An integral aspect in the evolution of Belgian cinema that continues to provide a relevant voice and profound influence in contemporary cinema is in the arena of documentary filmmaking. Ironically, this aesthetic for capturing the quotidian may be traced back from a more nebulous outgrowth of colonialism and propaganda, as missionaries gravitated towards the universal language of film images as a tool for religious conversion, and in the postwar era of austerity and resource shortages, as an incentive towards national unity and reinforcement of exerted control over the Belgian Congo (a region that proved even more valuable with the advent of the atomic age for its uranium mines). This ethnographic aesthetic may be seen, not only in the films of pioneering documentarians Charles Dekeukelaire and Henri Storck, but also in the tone poems of Thierry Knauff, the cultural investigations of Thierry Michel, the meditative, essay films of Boris Lehman, and the wordless, migratory landscape films of Chantal Akerman.
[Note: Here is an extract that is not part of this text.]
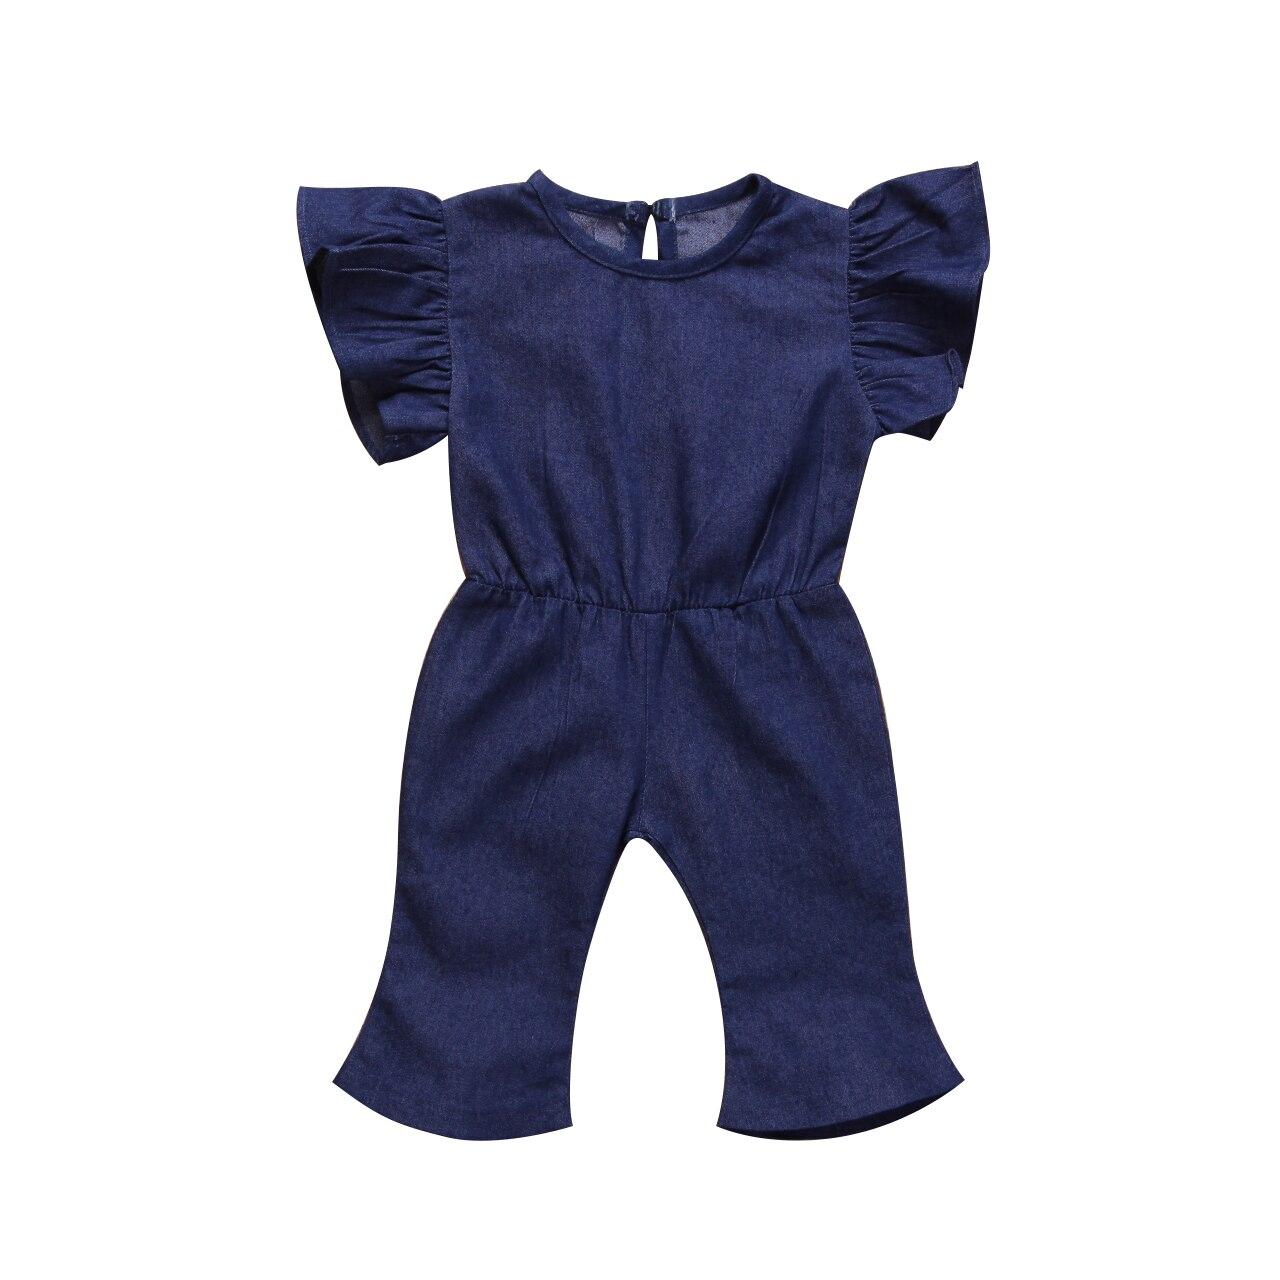 De Goedkoopste Prijs Hot Casual Baby Meisjes Kid Ruches Mouwen Denim Romper Jumpsuit Een Stukken Outfits Kleding Size 1-7y

Moreover, the convergence of native documentary filmmaking towards experimental rather than conventional cinema can be seen in the works of filmmakers such as Storck, Lehman, Knauff, and Akerman, a reflection of what Mosley describes as the inherently artisanal (and consequently, more intimate) nature of Belgian national cinema.
Similarly, this aesthetic towards capturing the essence of reality - a creative philosophy that is in integrally rooted in Flemish art - is also manifested in the evolution of social realism in Belgian cinema, particularly in the Wallonia region where a creative (as well as ideological) movement with predominant socio-political themes was propelled by a combination of incisive, pioneering documentaries, the introduction of incentive funding (as a means of re-invigorating the decimated film industry), and subsequently, the influence of British Free Cinema that spurred the advent of an indigenous Fugitive Cinema. Ironically, inasmuch as financial backers (often regional administrators and local industries) sought to project a more positive national image of postwar recovery, industrial progress, and immigrant assimilation through commissioned and subsidized filmmaking, what resulted from these panoramic surveys often proved to be less than ideal social portraits. Of particular note is Paul Meyer's seminal film, From the Branches Drops the Withered Blossom on the lives of immigrant workers and their families in the coal mining town of Borinage (Storck would earlier document the appalling living conditions in the same region in Misère au Borinage). Originally commissioned by Ministry of Public Instruction as a means of illustrating the well-adjusted integration of Italian immigrant families into Belgian society, Meyer, who had already run afoul with authorities over his earlier, controversial short film, Klinkaart - a film that uncannily anticipates Bresson's cinema, depicting the exploitation and assault of a young female brick worker - would be forced into insoluble debt when the ministry withdrew funding for making an uncompromising film that revealed the underlying reality of the abject working, domestic, and social conditions faced by the immigrants. Within this context, it is perhaps not surprising that Wallonian filmmakers (and seeming heir to Meyer's sociopolitical cinema), Jean-Pierre and Luc Dardenne would subsequently revisit the issue of immigrant assimilation (this time, within the relevant, contemporary framework of racism and illegal immigration) in their first feature film, La Promesse.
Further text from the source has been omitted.